Ancient Language Processing: Teaching Computers to Read Cuneiform Tablets
Twenty-five centuries ago, the “paperwork” of the Achaemenid Empire in Persia was recorded on clay tablets. In 1933, archeologists from the University of Chicago’s Oriental Institute (OI) found tens of thousands of these tablets at an excavation site in Persepolis, located in modern-day Iran. For decades, researchers studied and translated these ancient documents “by hand,” revealing rich information about Achaemenid history, society, and language.
But this manual deciphering process is very difficult, slow, and prone to errors. Since the 1990’s, scientists have attempted to recruit computers to help, with limited success due to the three-dimensional nature of the tablets and the complexity of the cuneiform characters. But recent leaps forward in computer vision and language processing may finally make automated transcription of these tablets possible, freeing up archeologists for higher-level analysis.
That’s the motivation behind DeepScribe, a CDAC-funded collaboration between researchers from the OI and the Department of Computer Science. With a training set of more than 6,000 annotated images from the Persepolis Fortification Archive (directed by professor emeritus Matthew W. Stolper), the project will build a model that can “read” as-yet-unanalyzed tablets in the collection, and potentially a tool that archeologists can adapt to other studies of ancient writing.
“If we could come up with a tool that is flexible and extensible, that can spread to different scripts and time periods, that would really be field-changing,” said Susanne Paulus, Associate Professor of Assyriology at the University of Chicago and Tablet Collection Curator at the OI.
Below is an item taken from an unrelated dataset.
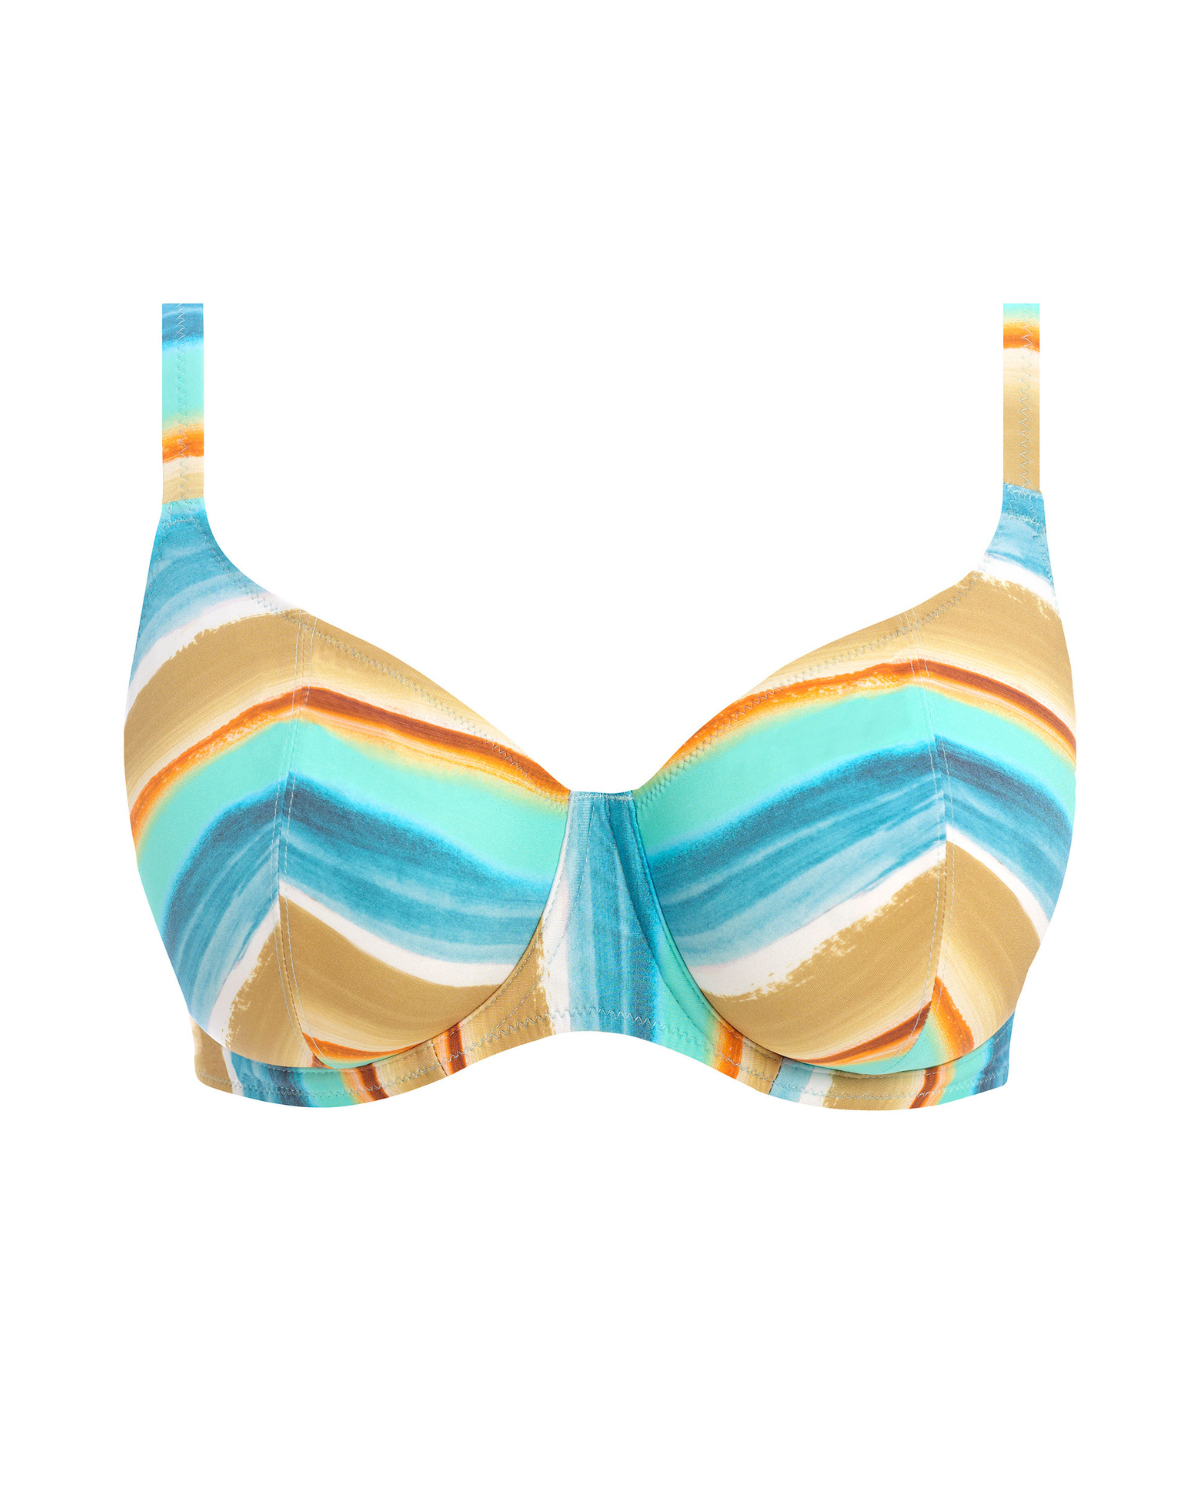 Flat lay of an underwire plunge bikini top in a white, blue, gold, and orange striped watercolor print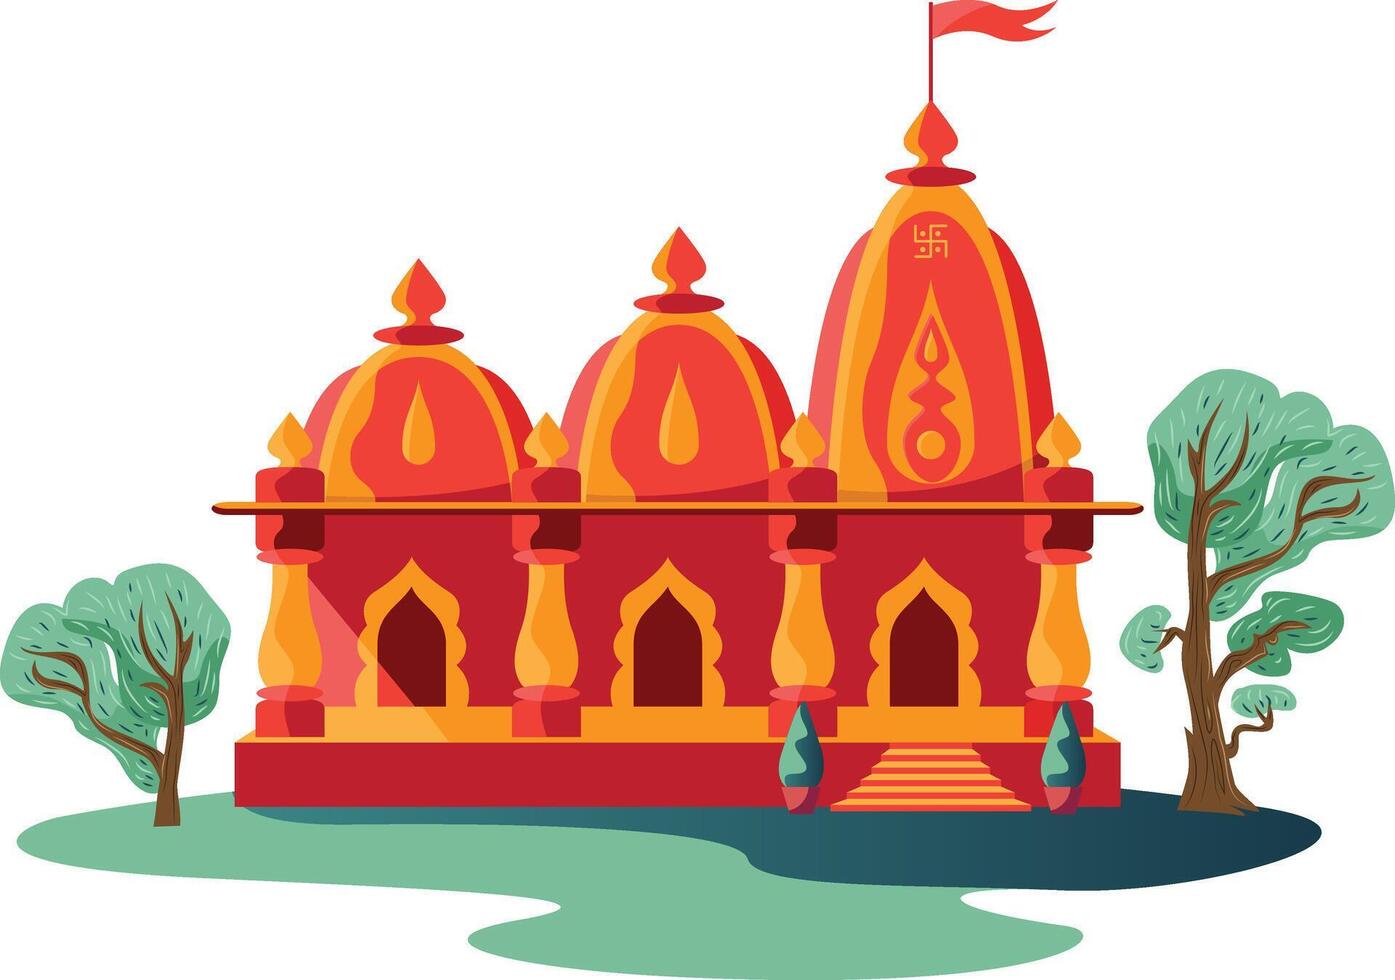 Hindu spiritual temple with flag and trees isolated vector

The collaboration was sparked when Paulus, Sandra Schloen, and Miller Prosser of the OI met UChicago CS Assistant Professor Sanjay Krishnan at a Neubauer Collegium event on digital humanities. Schloen and Prosser oversee OCHRE, a database management platform supported by the OI to capture and organize data from archeological excavations and other forms of research. Krishnan applies deep learning and AI techniques to data analysis, including video and other complex data types. The overlap was immediately apparent to both sides.
“From the computer vision perspective, it’s really interesting because these are the same challenges that we face. Computer vision over the last five years has improved so significantly; ten years ago, this would have been hand wavy, we wouldn’t have gotten this far,” Krishnan said. “It’s a good machine learning problem, because the accuracy is objective here, we have a labeled training set and we understand the script pretty well and that helps us. It’s not a completely unknown problem.”
That training set is thanks to over 80 years of close study by OI and UChicago researchers and a recent push to digitize high-resolution images of the tablet collection — currently over 60 terabytes and still growing — before their return to Iran. Using this collection, researchers created a dictionary of the Elamite language inscribed on the tablets, and students learning how to decipher cuneiform built a database of more than 100,000 “hotspots,” or identified individual signs.
With resources from the UChicago Research Computing Center, Krishnan (and interested former student of cuneiform and now west-coast engineer, Eddie Williams) used this annotated dataset to train a machine learning model, similar to those used in other computer vision projects. When tested on tablets not included in the training set, the model could successfully decipher cuneiform signs with around 80 percent accuracy. Ongoing research will try to nudge that number higher while examining what accounts for the remaining 20 percent.
But even 80 percent accuracy can immediately provide help for transcription efforts. Many of the tablets describe basic commercial transactions, similar to “a box of Walmart receipts,” Paulus said. And a system that can’t quite make up its mind may still be useful.
“If the computer could just translate or identify the highly repetitive parts and leave it to an expert to fill in the difficult place names or verbs or things that need some interpretation, that gets a lot of the work done,” Paulus said. “And if the computer can’t make a definitive decision, if it could give us back probabilities or the top four ranks, then an expert has a place to start. That would be amazing.”
Even more ambitiously, the team imagines DeepScribe as a general-purpose deciphering tool that they can share with other archeologists. Perhaps the model can be retrained for cuneiform languages other than Elamite, or can make educated suggestions about what text was written on missing pieces of incomplete tablets. A machine learning model might also help determine the origin of tablets and other artifacts of unknown provenance, a task currently addressed by chemical testing.
By joining the CDAC Discovery Grant cohort, the DeepScribe team can connect with other projects using computer vision approaches for applications such as studying biodiversity in marine bivalves and disentangling style from content in artistic work. The collaboration also hopes to inspire future partnerships between the OI and UChicago CS, as digital archeology increasingly intersects with advanced computational approaches.
“I think it helped something that would have ended at a dinner conversation become an actual collaboration,” Krishnan said. “It got us to do more than talking.”